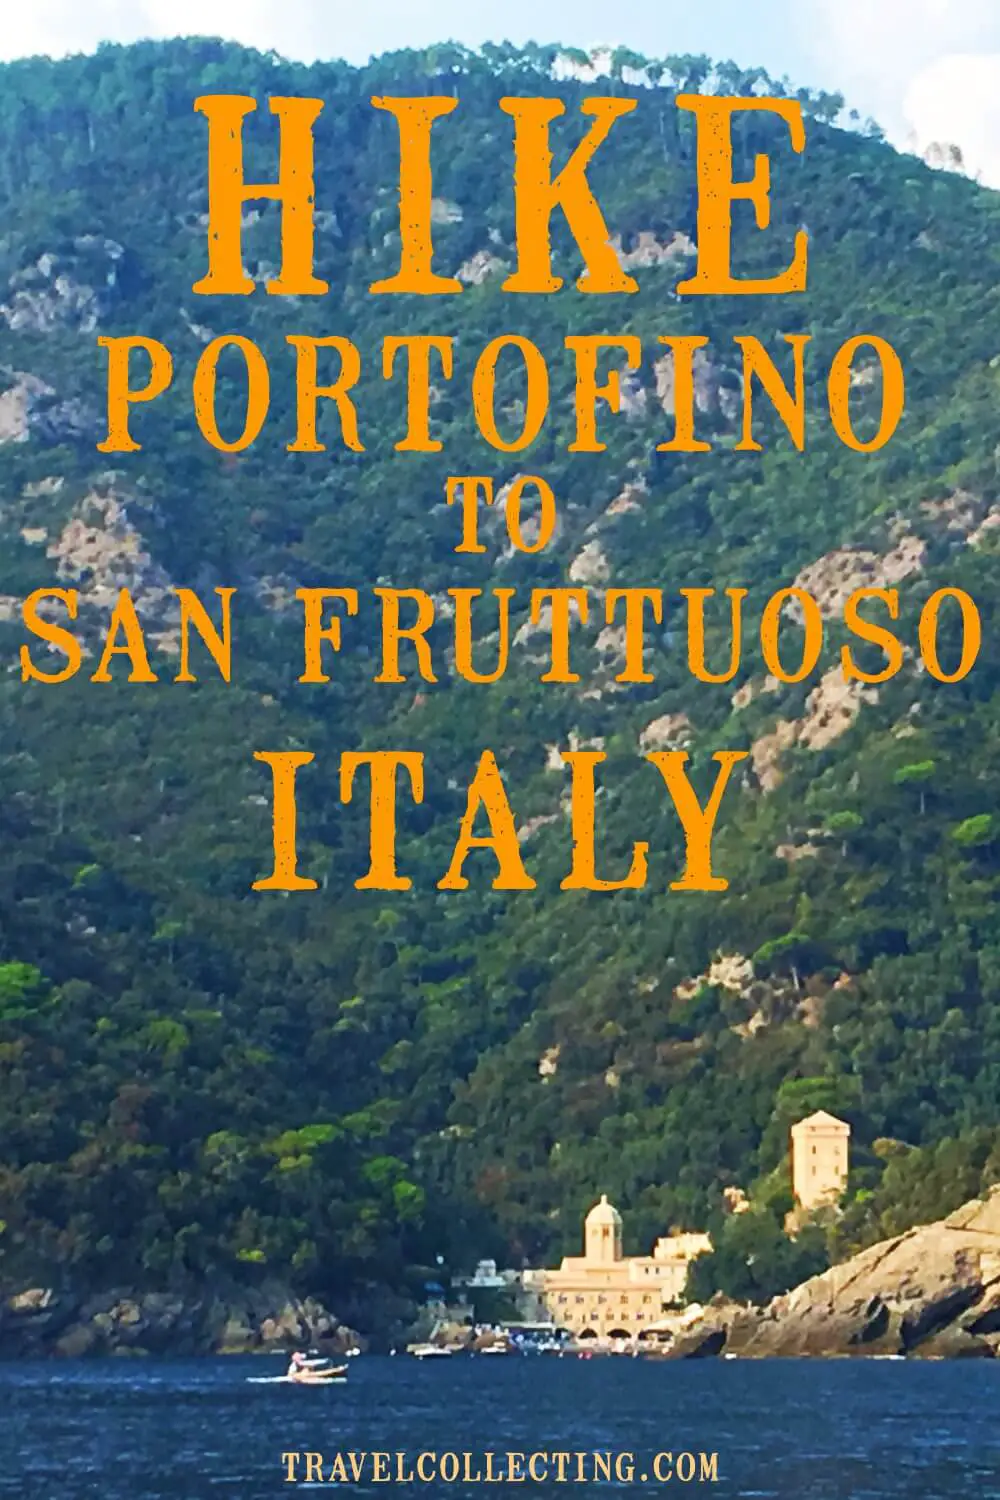 Hike Portofino to San Fruttuoso
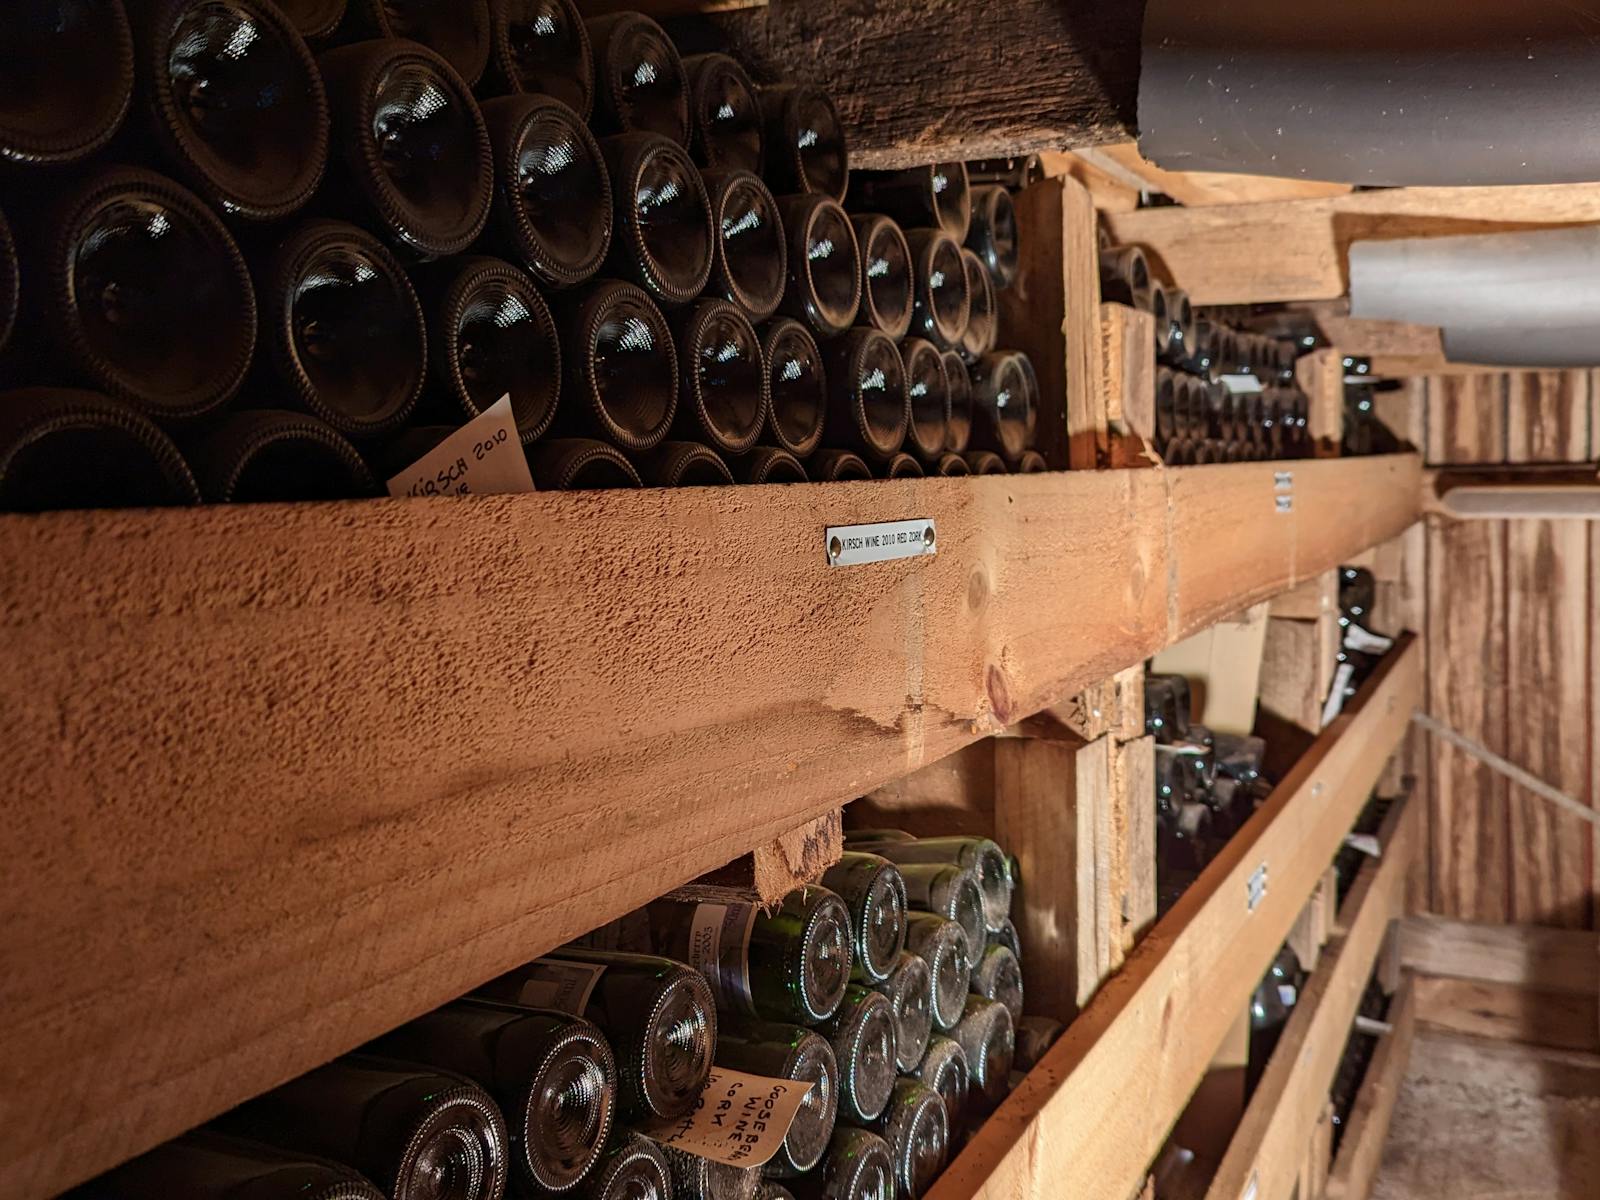 dusty bottles of wine on wooden shelving in cellar
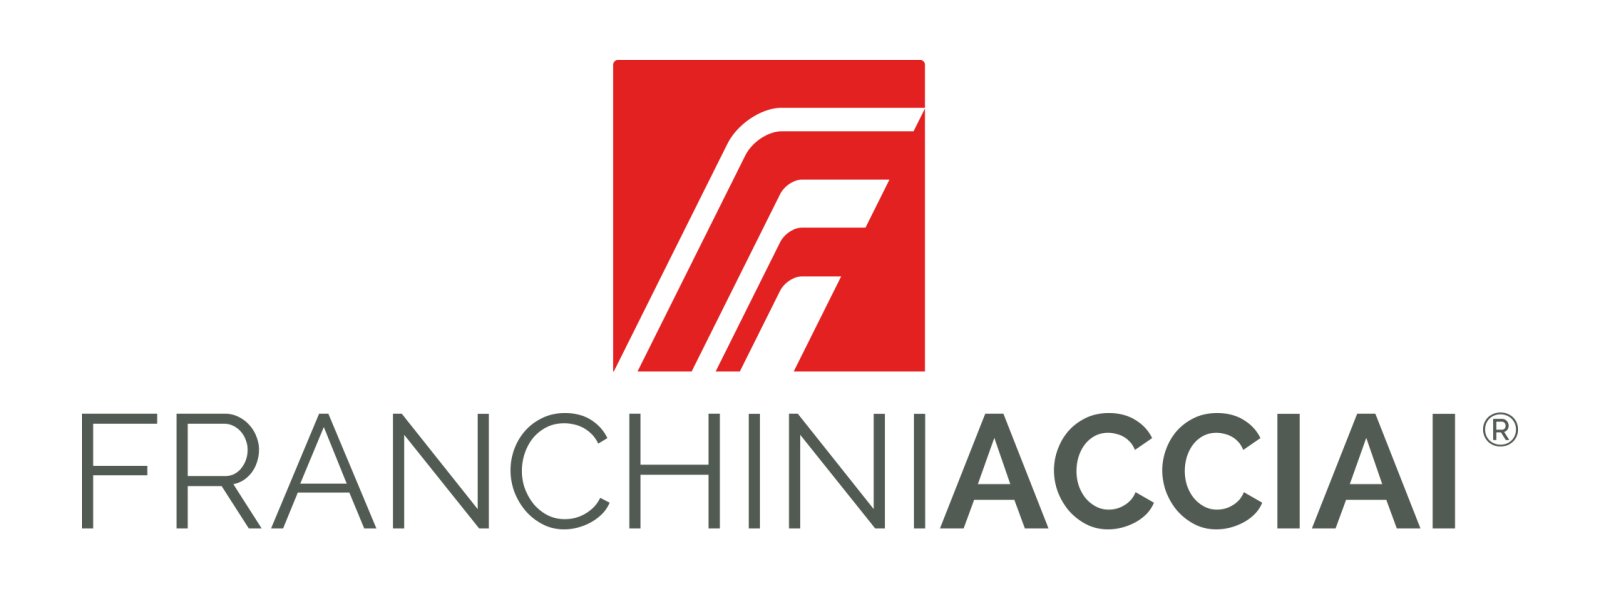 Logo FRANCHINI ACCIAI SPA
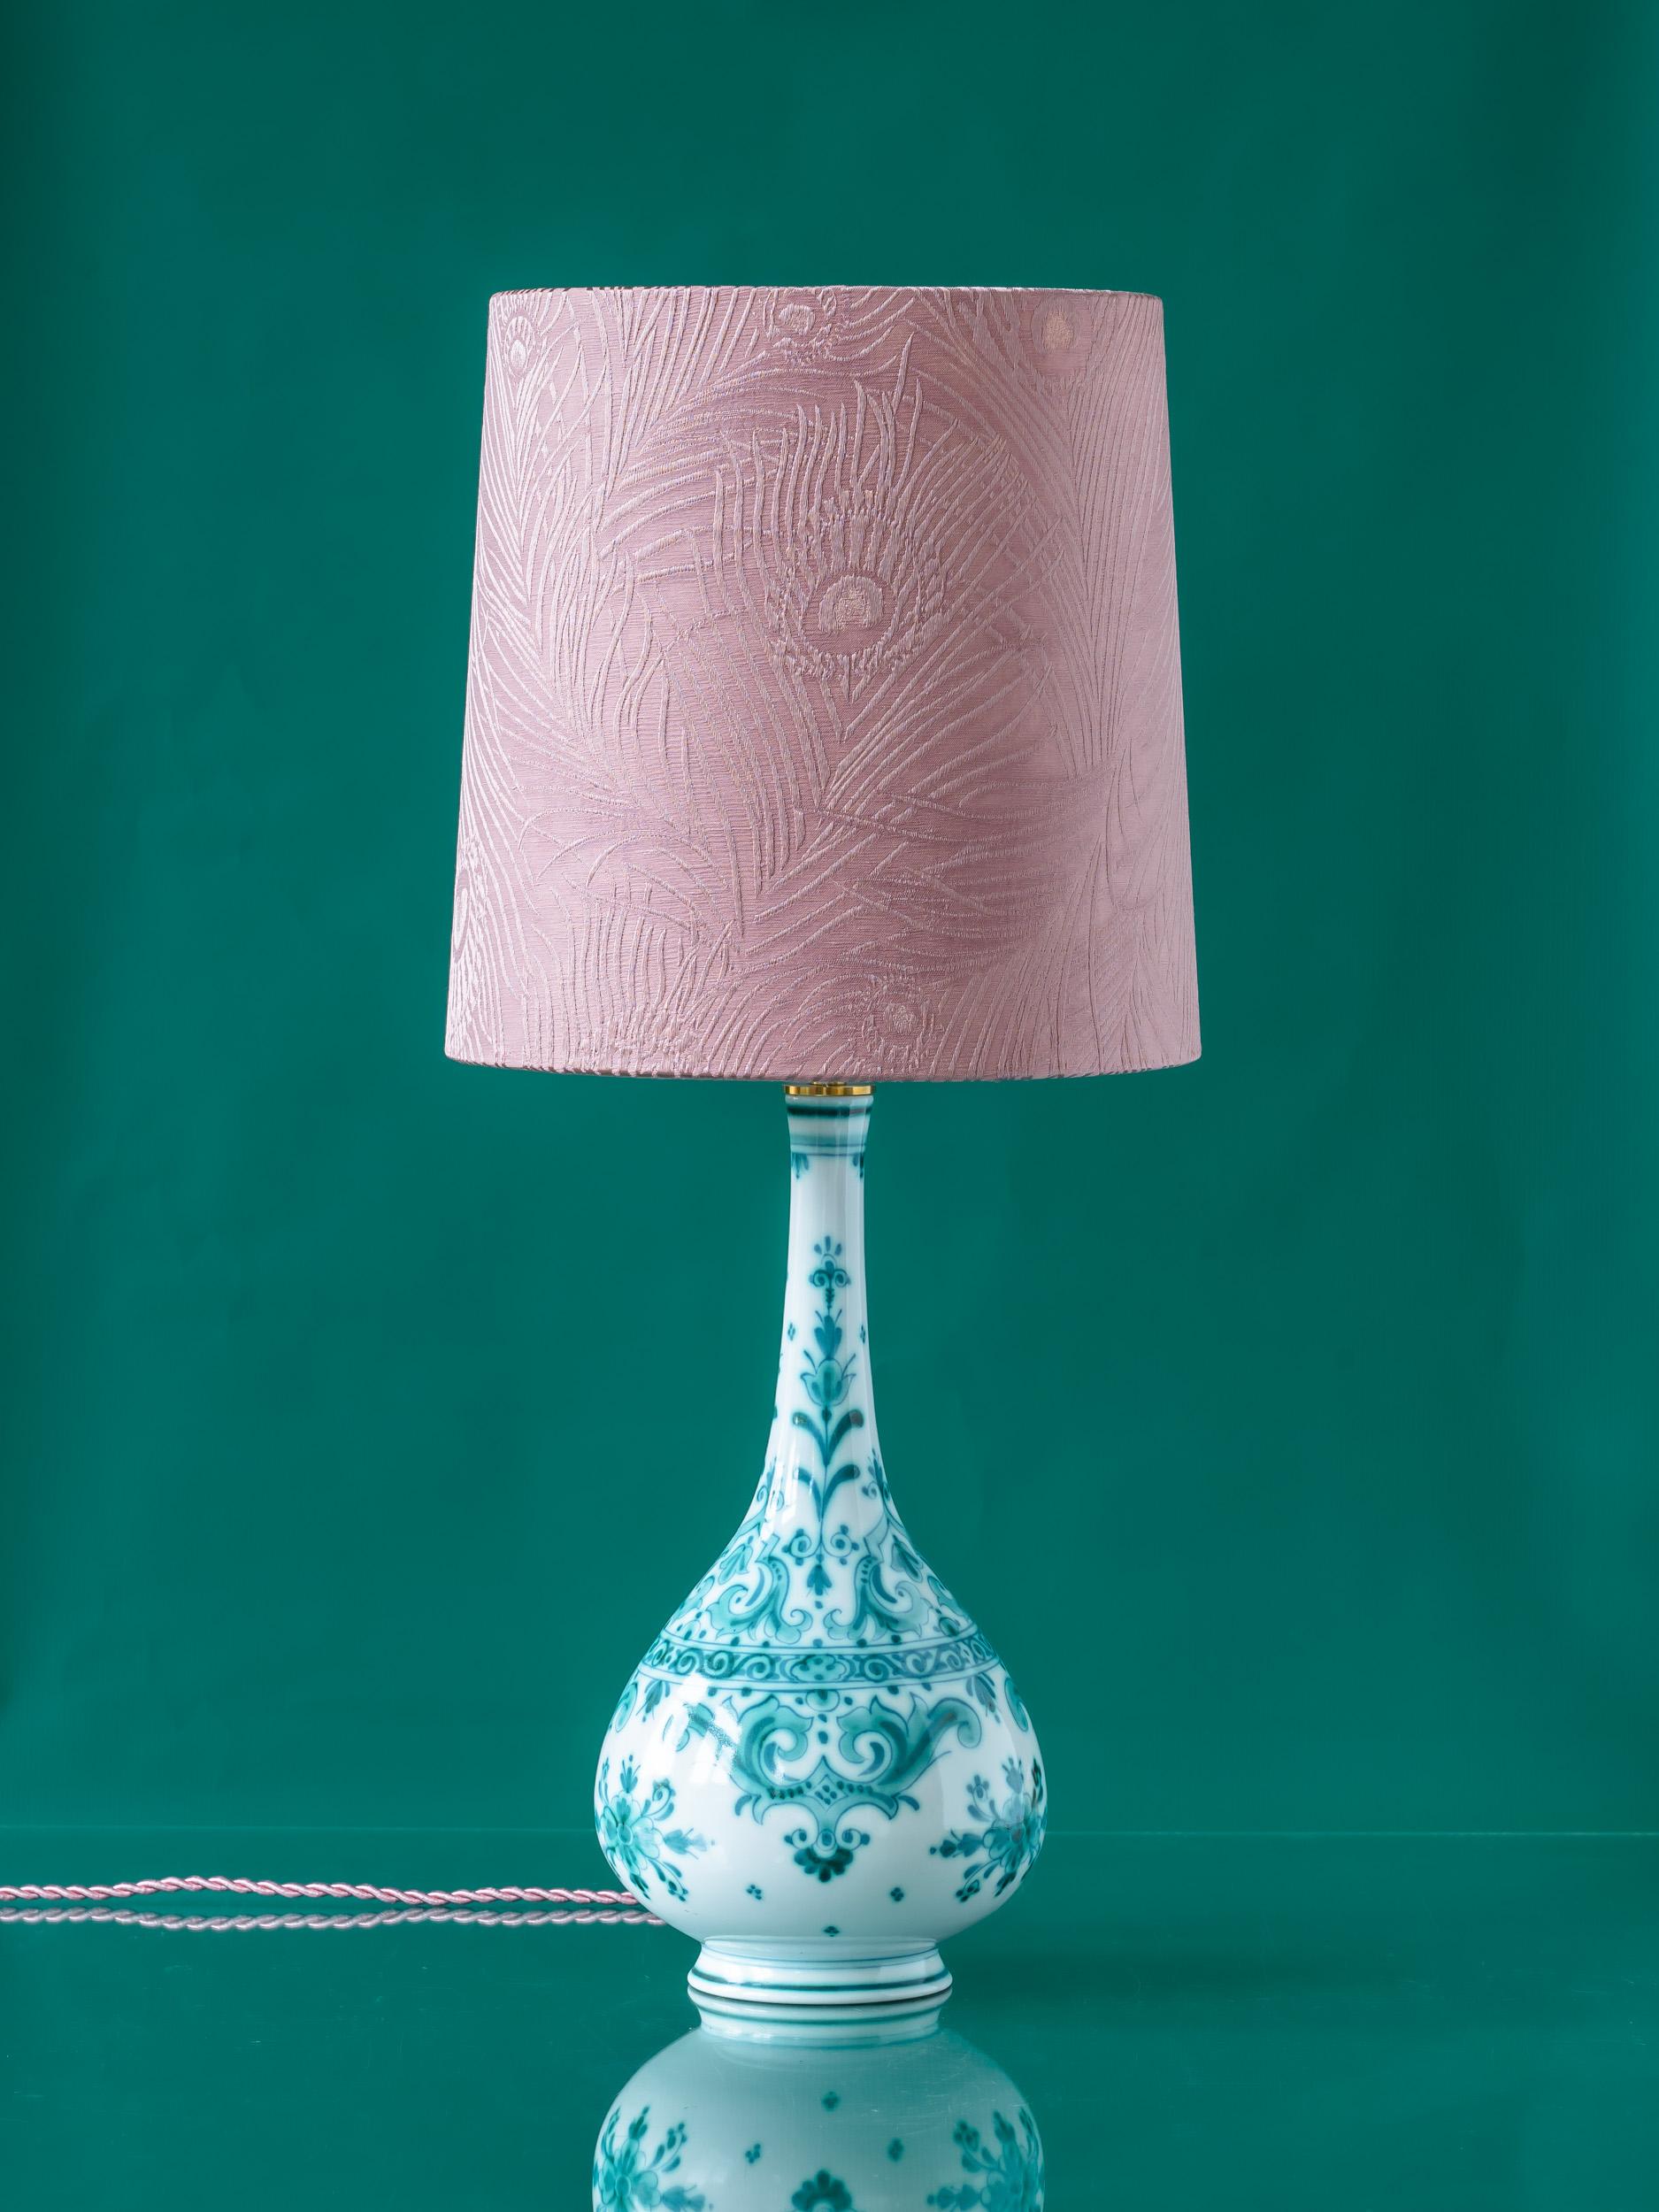 Wir präsentieren Athena, eine einzigartige Lampe, die in sorgfältiger Handarbeit aus einer alten Royal Delft (De Porceleyne Fles) Delvert Vase gefertigt wurde. Die Delvert-Serie, eine Verschmelzung des französischen Begriffs für Grün (vert) und der

## Work request
Give back the whole listing as it stands, minus its pictures.

## Solution to this exercise
 Hike Portofino to San Fruttuoso
 dusty bottles of wine on wooden shelving in cellar
 Logo FRANCHINI ACCIAI SPA
 Wir präsentieren Athena, eine einzigartige Lampe, die in sorgfältiger Handarbeit aus einer alten Royal Delft (De Porceleyne Fles) Delvert Vase gefertigt wurde. Die Delvert-Serie, eine Verschmelzung des französischen Begriffs für Grün (vert) und der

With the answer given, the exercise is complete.